Последний шанс был утром. Красавин знал все эти тонкости. Приехал к нему на работу спозаранку, тот сидит, руками голову обхватил. Красавин подает ему бутылку коньяку, аккуратно завернутую в рулончик ватмана: «Вот, Иван Иванович, вы вчера просили измененный чертежик мусоропровода», — а сам черную папку наготове в другой руке держит — только распахнуть и акты на стол. Хохряков посмотрел тягостно на Красавина красным глазом — другой смотрел куда-то в пустоту — и сказал:
— Ты ошибаешься, не просил я у тебя чертежика на мусоропровод.
Красавин даже в лице переменился — так неожиданно это было, непривычно, даже страх его взял: что же дальше-то будет? Как быть?
— Вы не больны, Иван Иванович? — уже сочувственно, несмотря на раздражение, спросил он.
— Болен, да, болен! — взревел Хохряков. — Все, не будет вам больше лавочки! Кончилась лавочка, закрылась, прихлопнулась! Неужели не видите — другое время идет? Делать дело надо, а не бумажки подсовывать! Дураки!
— Иван Иванович, ну давайте — в последний раз! Хотите — перекрещусь? Первый с вами выпью за новое время? Но уж эти-то актики сам бог велел подписать по-старому! Сколько за них выпито...
Хохряков уставился взглядом сквозь Красавина, сквозь свою головную боль и еще что-то, что видел только он один, безнадежно махнул рукой и медленно сказал:
— Иди, Красавин. Иди и не приходи, пока все не сделаешь.
Красавин поджал губы и ушел. И пока шел по коридору и спускался по лестнице, цедил сквозь зубы проклятия и слова мести: «Ну погоди, тюфяк растоптанный, я тебе тоже... устрою!»

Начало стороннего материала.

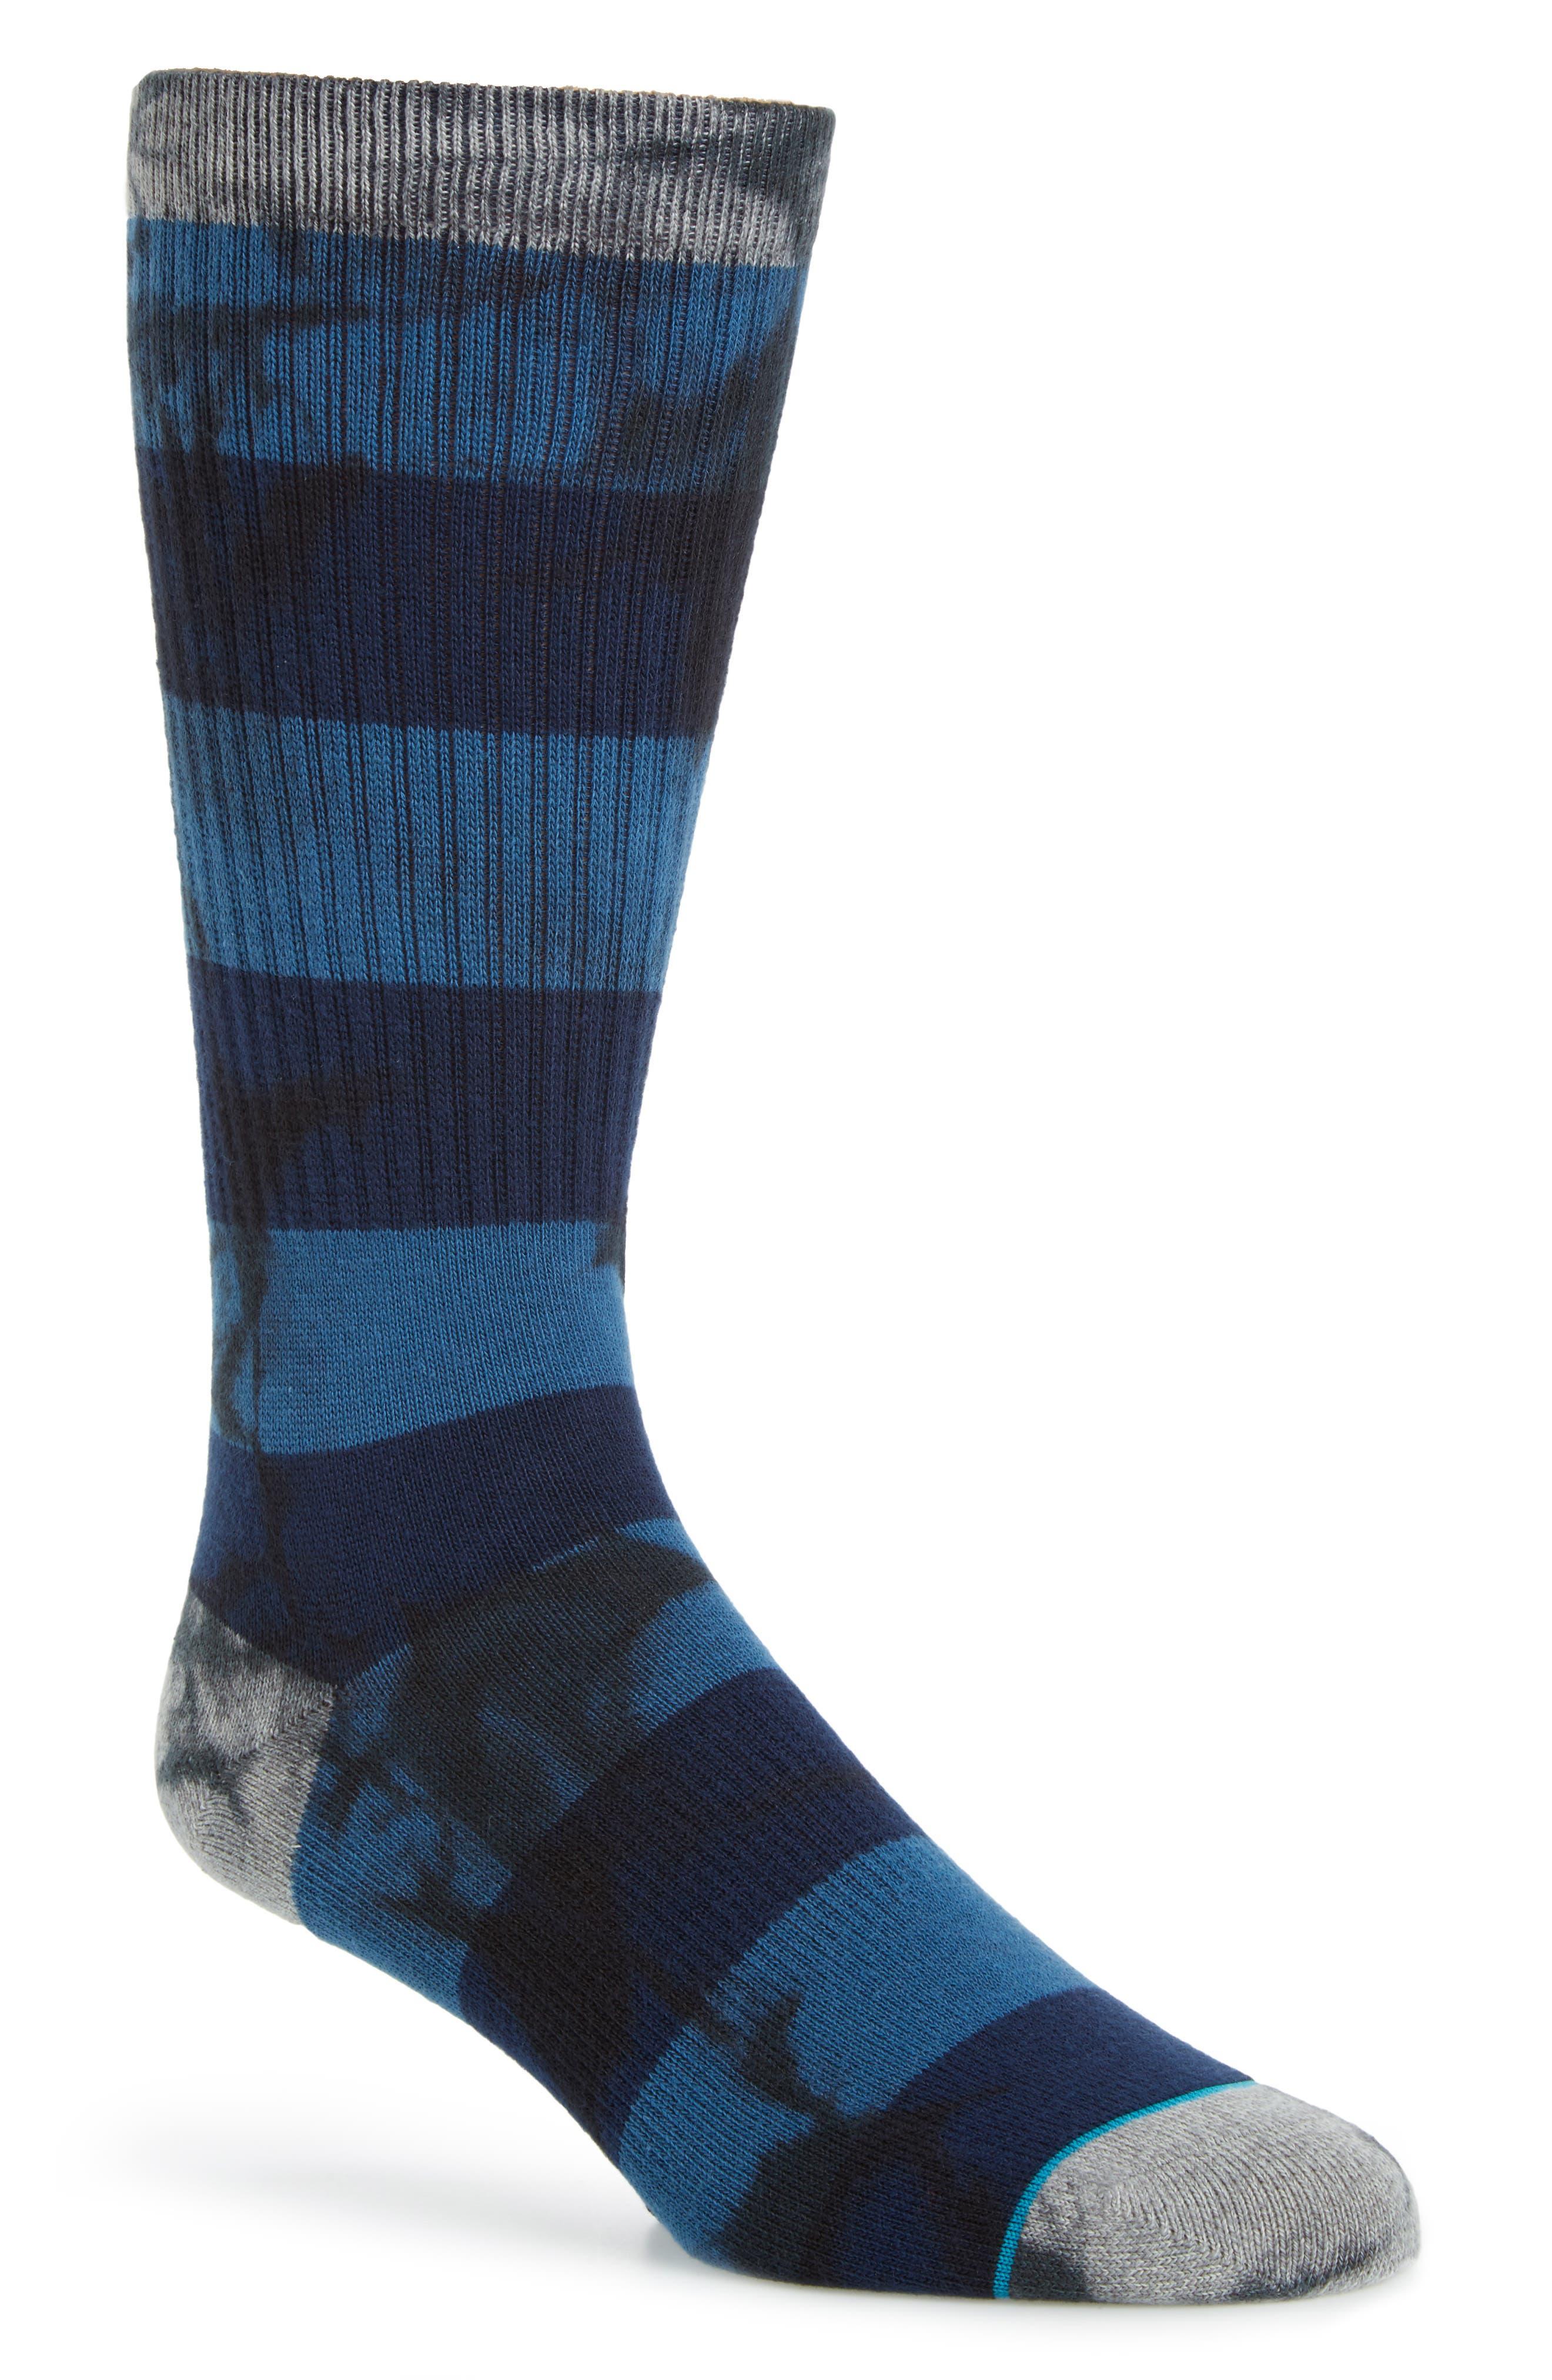 Main Image - Stance Wells Classic Crew Socks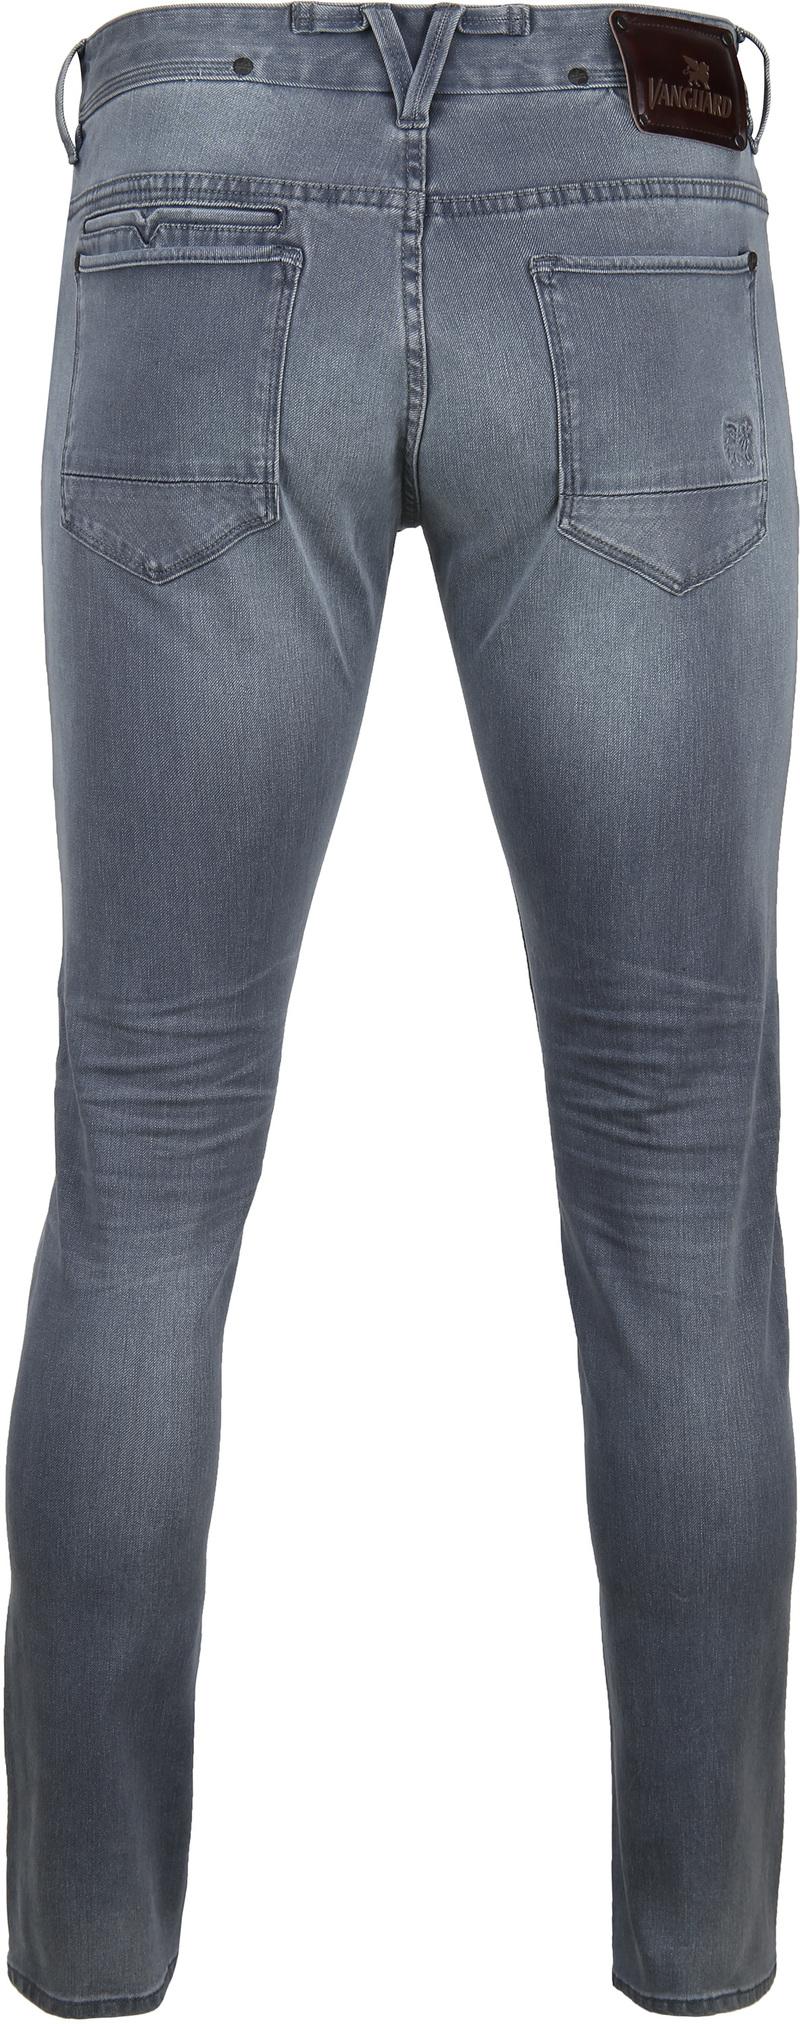 Vanguard V850 Rider Grey Jeans foto 3

Он вышел, сел в машину и поехал в трест на планерку. У него самого болела голова после вчерашнего и от всех этих неприятностей, болел желудок, язва чертова, некогда в больницу лечь, некогда на курорт съездить, целебной водички вместо этой проклятой водки попить... Но сильней головной боли и желудка противно, надоедливо ныло и ныло где-то внутри, холодило грудь, а по спине пробегал гадкий, похожий на гриппозный, озноб — ожидался грандиозный разгон на планерке за несданный дом.